— Друг, — ответил я.
— Прекрасно! — Бишофбергер удовлетворенно кивнул. Я перевел взгляд на его часы. «Большой лётный хронограф — странный выбор для психиатра, — подумал я. — Пилот-любитель? А может, и не любитель…».
— Я уверен, что в случае герра Попова наша методика сработает так, как нужно, — продолжил Бишофбергер, — но нам было бы полезно иметь кое-какую дополнительную информацию о нем. Вы не возражаете, если я задам вам несколько вопросов?
— Конечно, пожалуйста, — я внутренне напрягся.
— Когда вы виделись с Александром последний раз?
— В декабре, кажется.
— Он выглядел расстроенным или угнетенным?
— Нет! Наоборот! Он был очень энергичным, много шутил…
— А вообще, он не был склонен к депрессии или, может, к резким переменам настроения?
— Нет, не замечал.
— А чем он занимался? У нас довольно противоречивая информация на этот счет.
Я задумался.
— Не могу сказать точно, — ответил я. — Мы с ним вместе учились в университете, потом упустили друг друга из виду на двадцать лет. Встретились недавно, можно сказать, случайно.
— А что он делал эти двадцать лет, он вам рассказал?
— Работал, — я пожал плечами. — Что-то связанное с наукой. Я не знаю подробностей. Я уже сказал, что мы не виделись с университета.
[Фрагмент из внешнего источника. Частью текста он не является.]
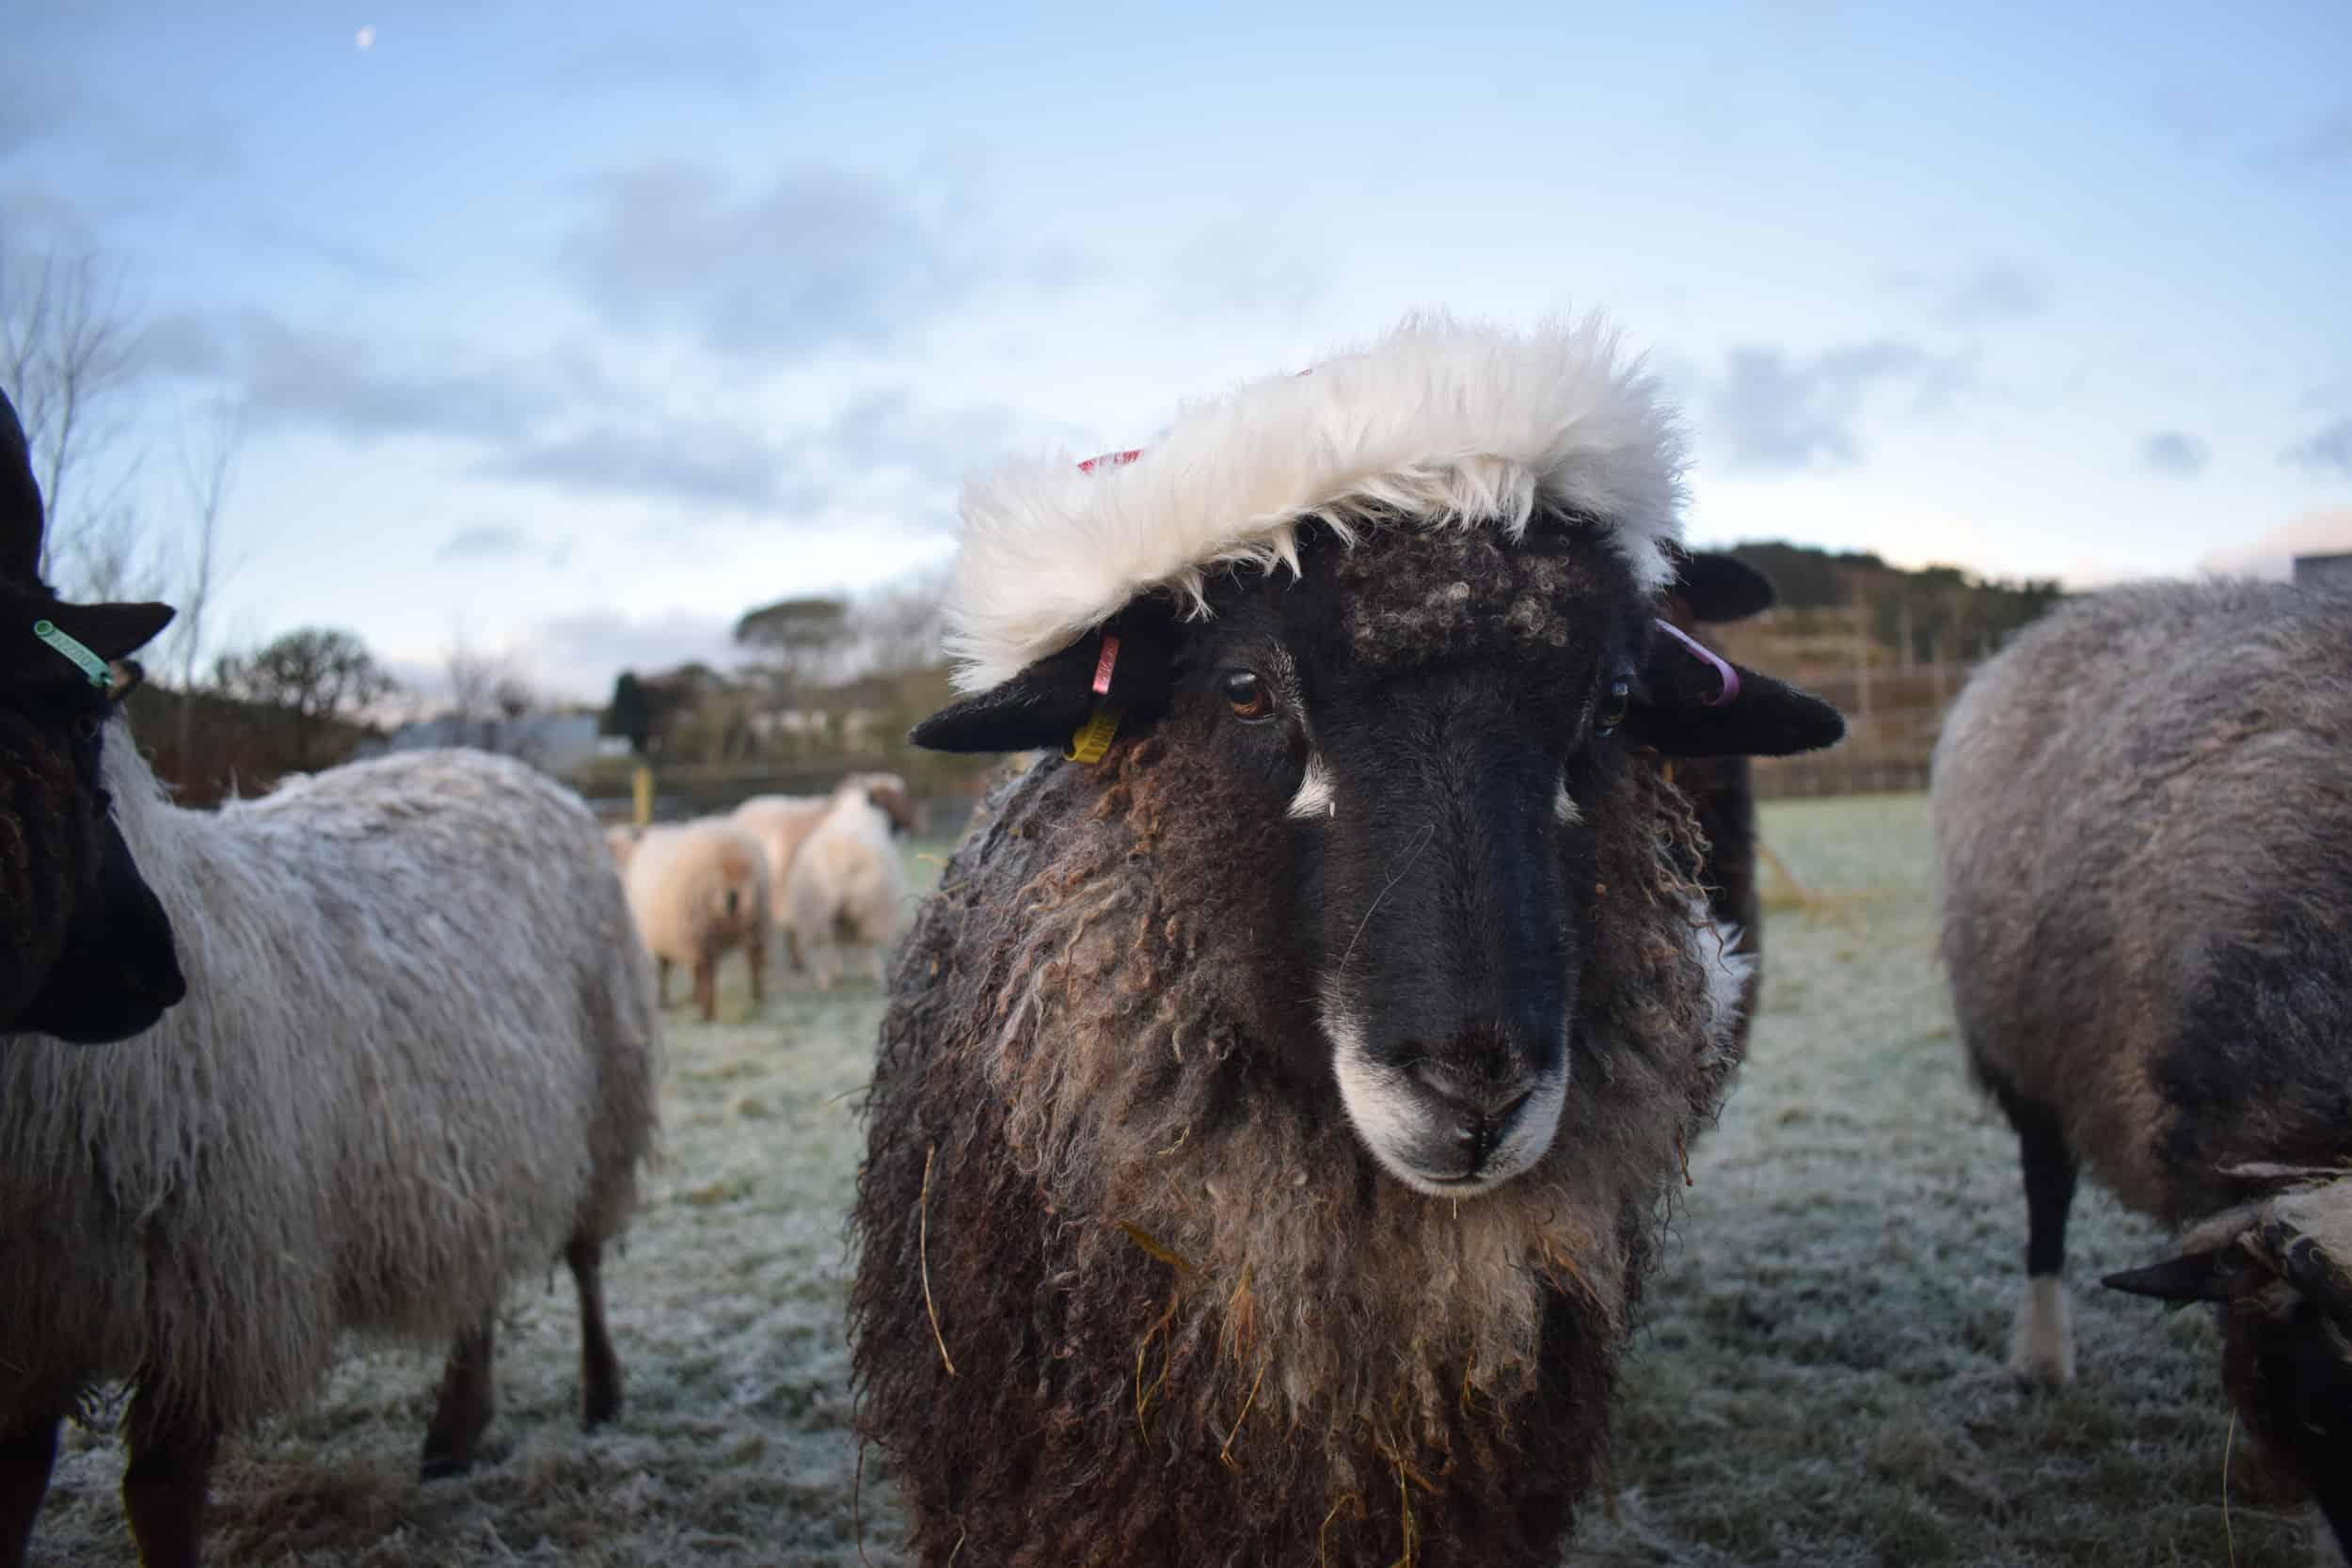 florence christmas sheep xmas santa hat coloured leicester longwool gotland shetland sheep crossbreed english blue kind fibre

Поэтому больше вспоминали студенческие годы, друзей… о работе почти не говорили.
— Вспоминали друзей… — повторил Бишофбергер. — А вам известно, с кем еще общался герр Попов в последнее время? Нам важно знать, что за люди его окружали, чтобы понять причину его поступка.
— Нет, — твердо ответил я. — Не имею понятия.
— Может, он называл какие-то имена? Упоминал кого-нибудь? — Бишофбергер непринужденно поигрывал ручкой, но не спускал с меня глаз.
— Нет. Не припомню.
Он сухо кивнул.
— Хорошо! Спасибо вам, герр Завертаев. Медсестра проводит вас в комнату герра Попова.
При виде Комина у меня перехватило дыхание от жалости. Его было не узнать, словно меня и вправду по ошибке привели к некоему Попову, изможденному человеку с серой кожей, тусклым взглядом и перебинтованными запястьями поверх одеяла. Он лежал на кровати в стерильной комнате, где из обстановки был еще стул, несколько картинок с цветами и видеокамера под потолком. Комин посмотрел на меня, бескровные губы скривились, но глаза так и остались тусклыми. Медсестра показала мне кнопку рядом с кроватью, которую нужно нажать, если срочно понадобится помощь, и беззвучно прикрыла за собой дверь.
— Привет! — сказал я, присаживаясь на стул.
Комин лежал, уставившись в одну точку, никак не реагируя на мои притворно-бодрые восклицания о том, что все наладится и жизнь продолжается. В конце концов мне самому это надоело, я покосился на видеокамеру, наклонился и прошептал ему на ухо: «Я заберу тебя отсюда, Саня. Обещаю». Бескровные губы шевельнулись в ответ.
Выйдя от Комина, я снова направился в кабинет к Бишофбергеру.
— Могу я забрать его к себе домой? — выпалил я с порога. — У меня дома ему будет лучше. Никакого стресса, полный покой, дружеское внимание…
— К сожалению, нет, — спокойно ответил Бишофбергер. — Сначала мы должны закончить курс лечения, лишь после этого можно будет говорить о дальнейших действиях.
— Если нужно делать какие-то уколы, я могу организовать медсестру, — не сдавался я. — Я могу привозить его каждый день сюда, в конце концов…
— Сначала закончить курс, — с нажимом повторил Бишофбергер.
Выйдя из клиники, я не сразу сел в машину. Решил немного пройтись, собраться с мыслями. Одна из мыслей была особенно неприятной, склизкая и холодная, как мертвая рыба — я виноват в том, что случилось с Коминым, я предал его. Это вертолет! Аргентинский вертолет! — пытался я вытолкнуть рыбу из своего сознания, но она лишь перекатывалась с боку на бок, холод от нее пробирал до желудка. «Бишофбергер этот — подозрительный тип, никакой он не доктор». Я оглянулся по сторонам. Напротив клиники припаркована машина, серый «ситроен». В ней сидел человек. «Почему он не едет? Чего ждет? Следит? За мной следят?». Я почувствовал, как на лбу выступил холодный пот. Спокойно! — я несколько раз сжал и разжал кулаки. — Без эмоций. Я должен вытащить Комина из клиники. Я должен сделать это! — мертвая рыба скользнула в никуда. — И мне нужен Томас! — добавил я про себя.